Seorang guru mengutarakan keadaan dan harapan tentang pendidikan. Seorang mahasiswa mengutarakan keadaanya dan harapan terhadap masa depan setelah selesai kuliah.
Seorang TKI berbicara sambil menangis mencerikan kondisi ketenaga-kerjaan di luar negeri yang kurang perhatian. Seorang ekonom memberi masukan tentang pertumbuhan ekonomi buat negeri.
Seorang pekerja seni dari Bali mengungkapkan kegalauanya tentang situasi pariwisata di Bali yang terusik issue SARA.
Saya menyiapkan catatan kecil, tentang apa yang saban hari saya alami dan harapan kepada sang presiden dari apa yang saya utarakan. Saya menunggu giliran namun waktu sudah hampir menunjukan pukul 2 siang dan pertemuan harus segera diakhiri. Saya tidak kecewa belum sempat mendapat kesempatan.
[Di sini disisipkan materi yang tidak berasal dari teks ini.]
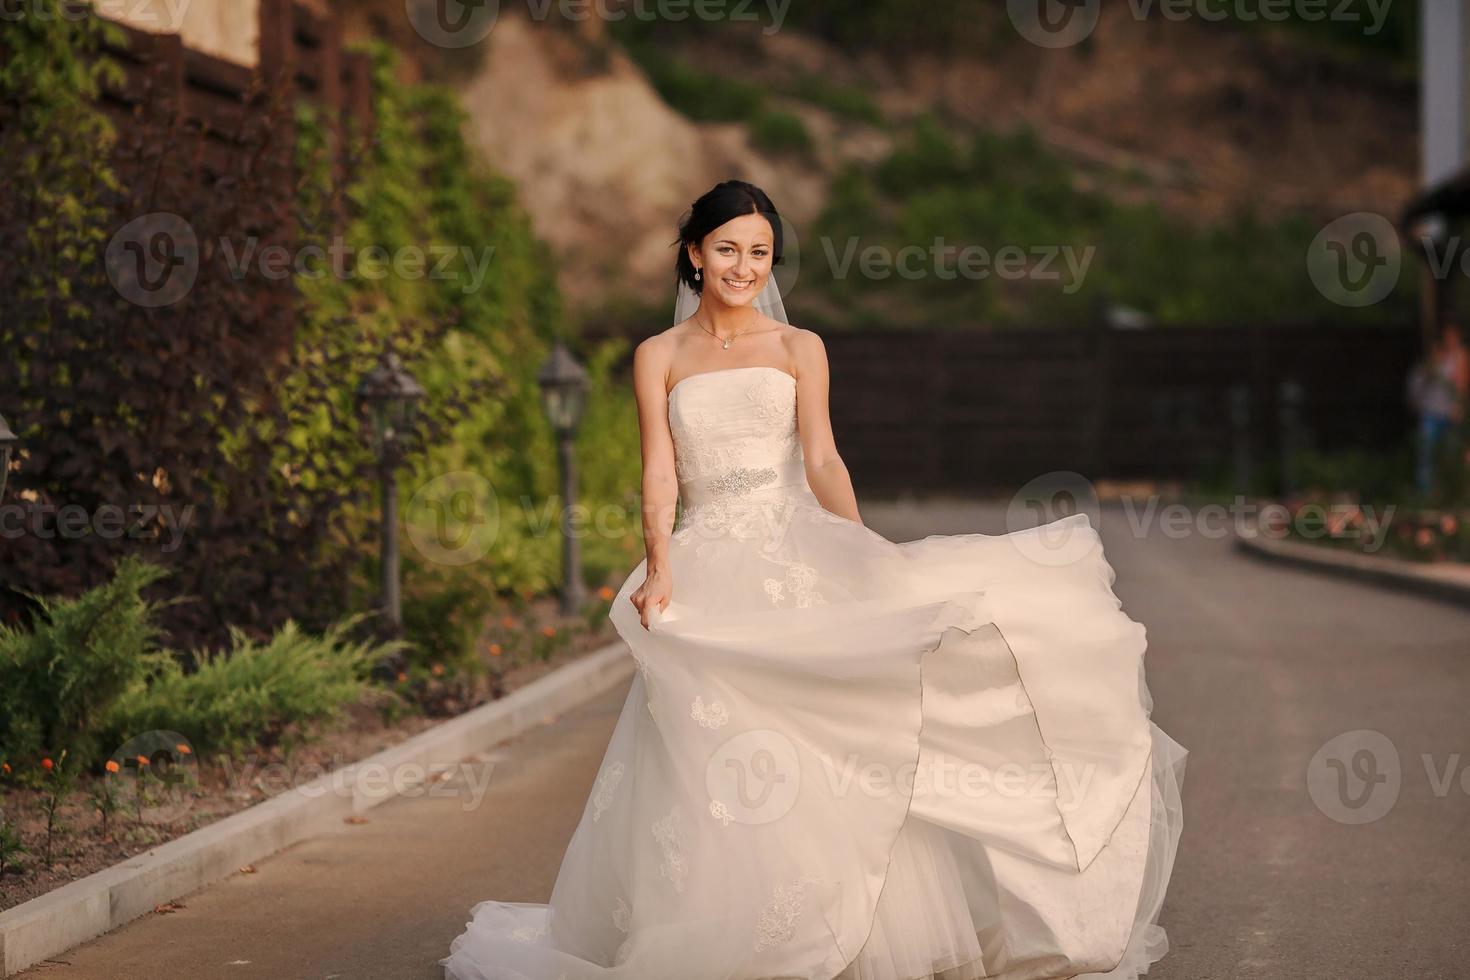 joven novia afuera foto
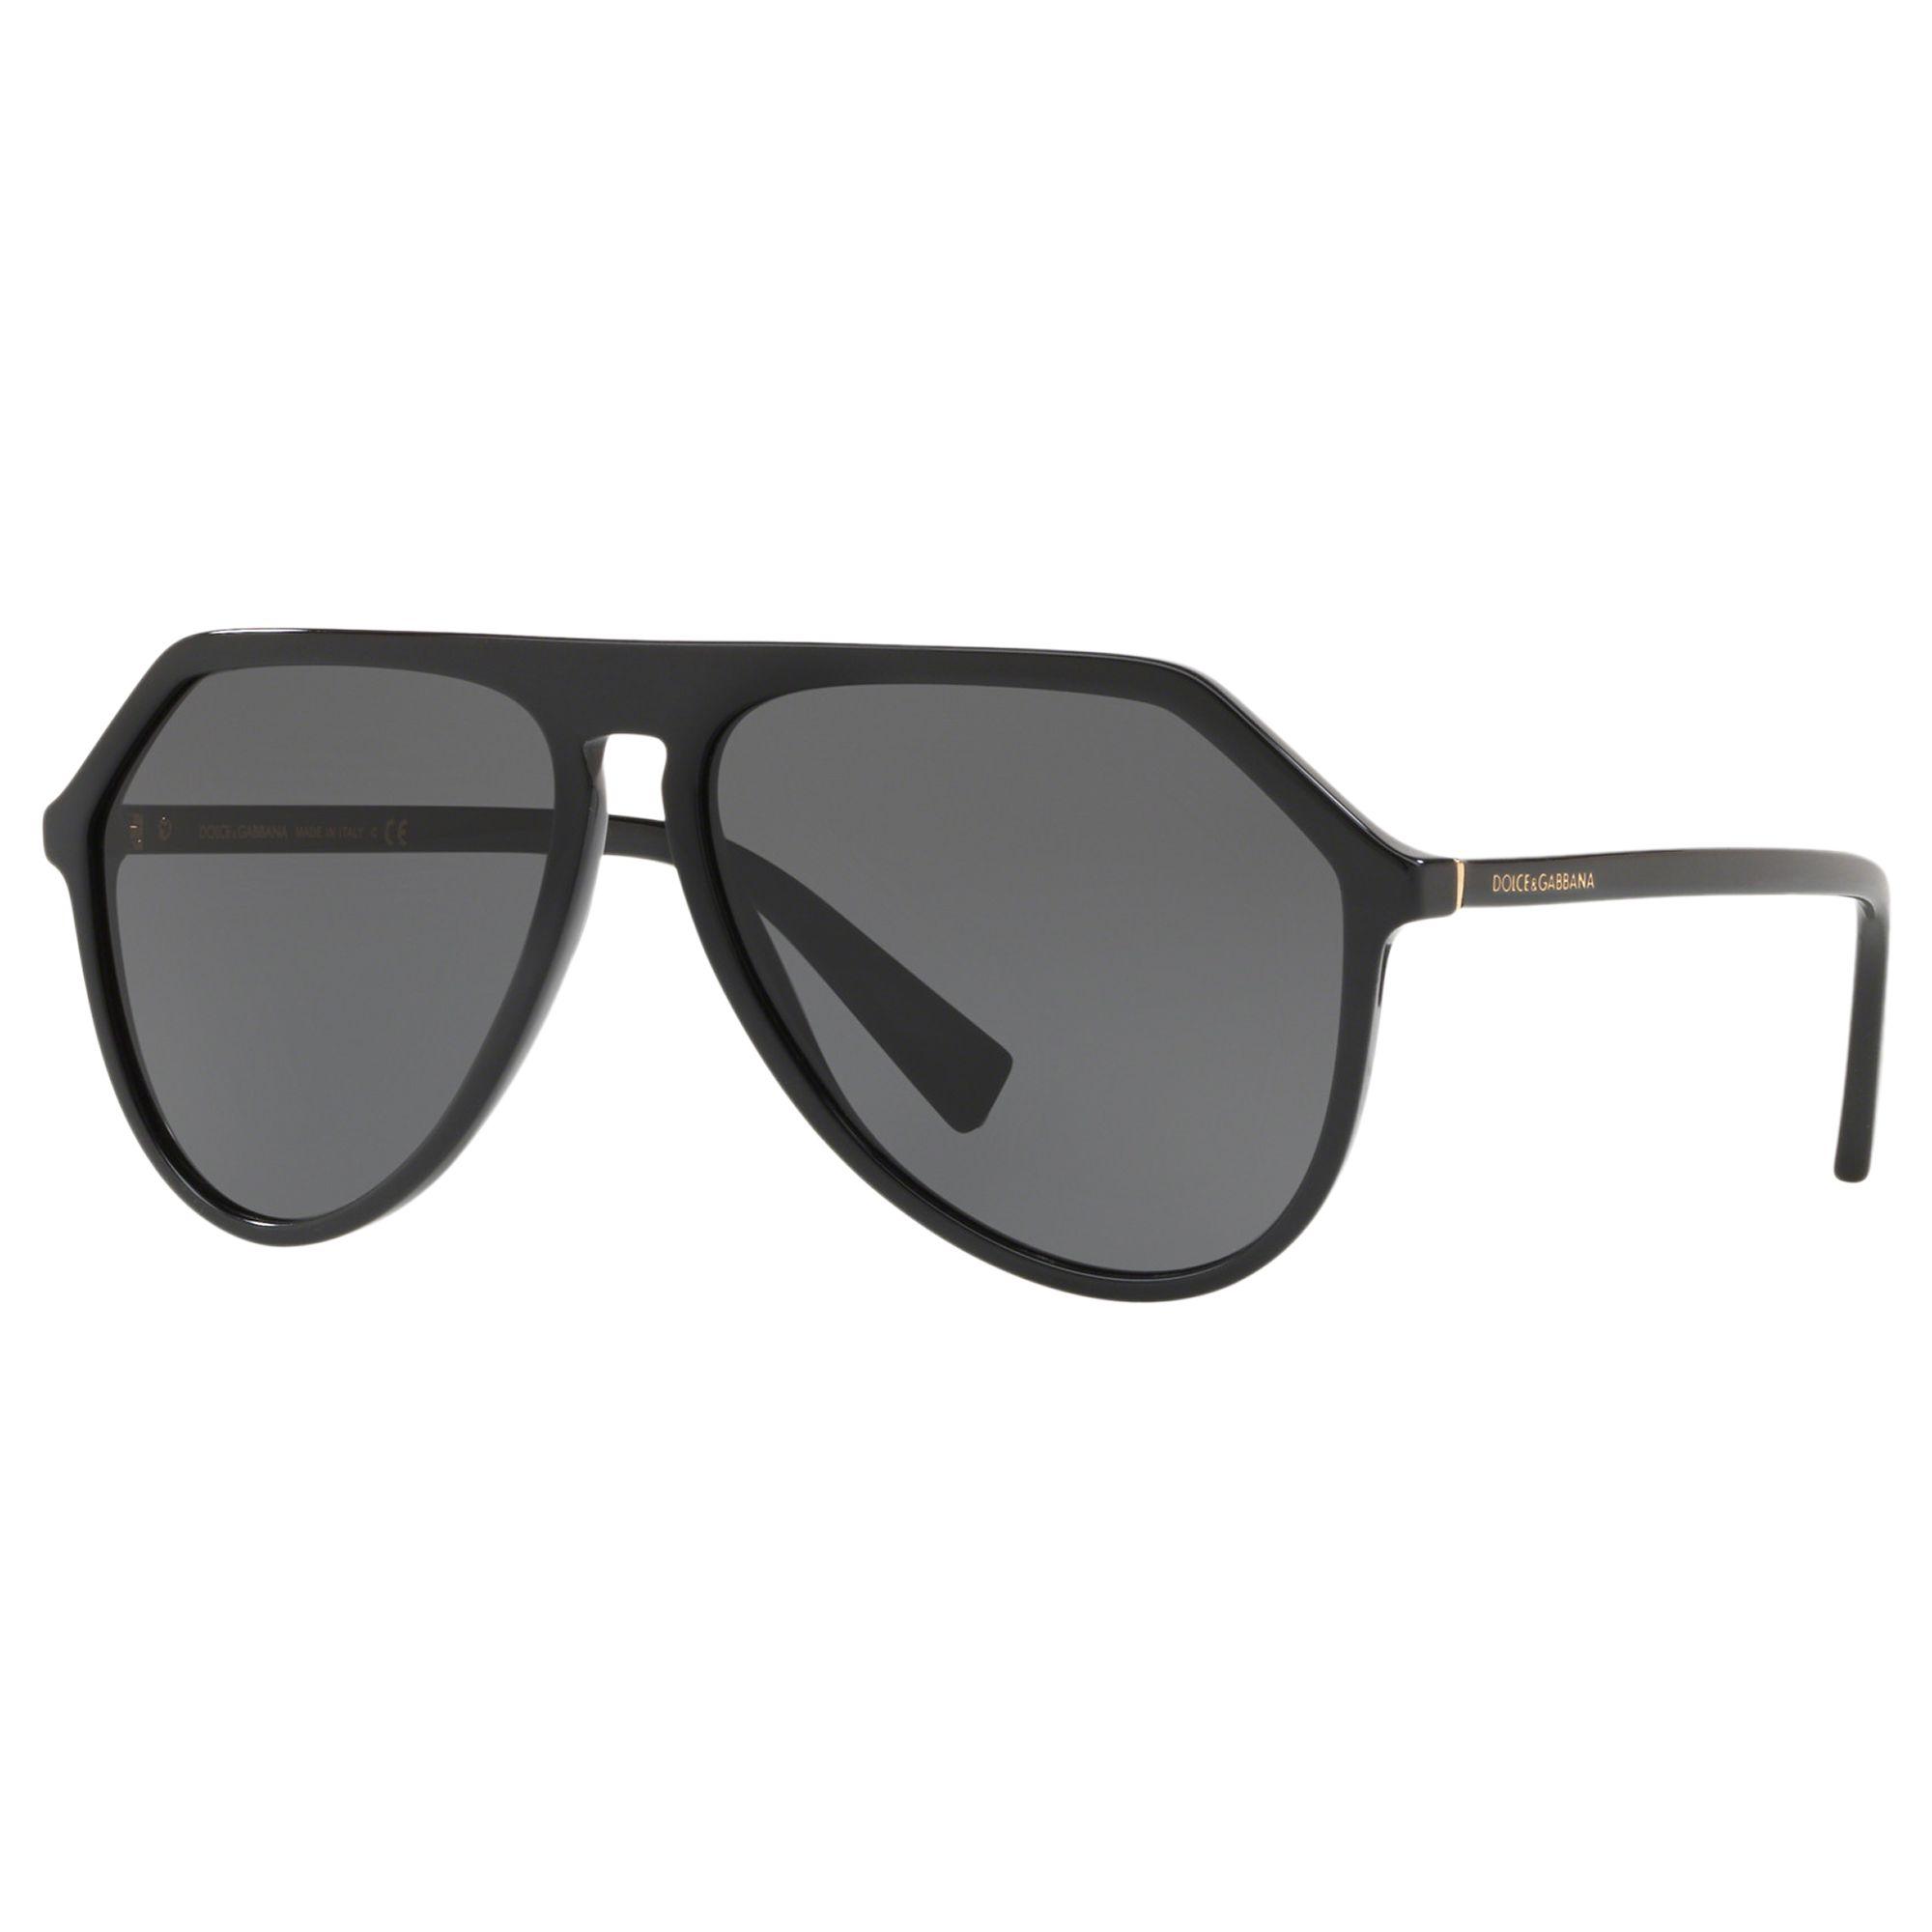 Dolce & Gabbana Dolce & Gabbana DG4341 Women's Aviator Sunglasses, Black/Grey

“Saya sering membaca Kompasiana sering sampai jam 2 malam…” kata sang presiden.
“Tulisan anda membuat optimisme, tulisan anda ada rasa motivasi, meski tak sedikit yang berisi caci…..” kata sang presiden yang disambut gelak tawa.
“Tulis saja harapan dan cerita anda, yakinlah pasti nyapai istana…” janji sang presiden.
Seusai foto bersama dan salam-salaman pamitan sang presiden masih menyempatkan melayani para kompasianer yang meminta tanda tangan. Dengan sabar dan terus ngobrol sang presiden melayani tanda tangan sampai-sampai membuat uring-uringan para petugas paspampres.
“Dari mana?” kata sang presiden
“Ponorogo pak, hutan kayu putih yang presiden hadir waktu panen raya jagung…” jawab saya, sang presiden manggut-manggut dan terus melayani tanda tangan.
“Saya seorang perawat, kami mohon Jampersal di hidupkan lagi…” kata saya, sang presiden berhenti sejenak memberi tanda tangan.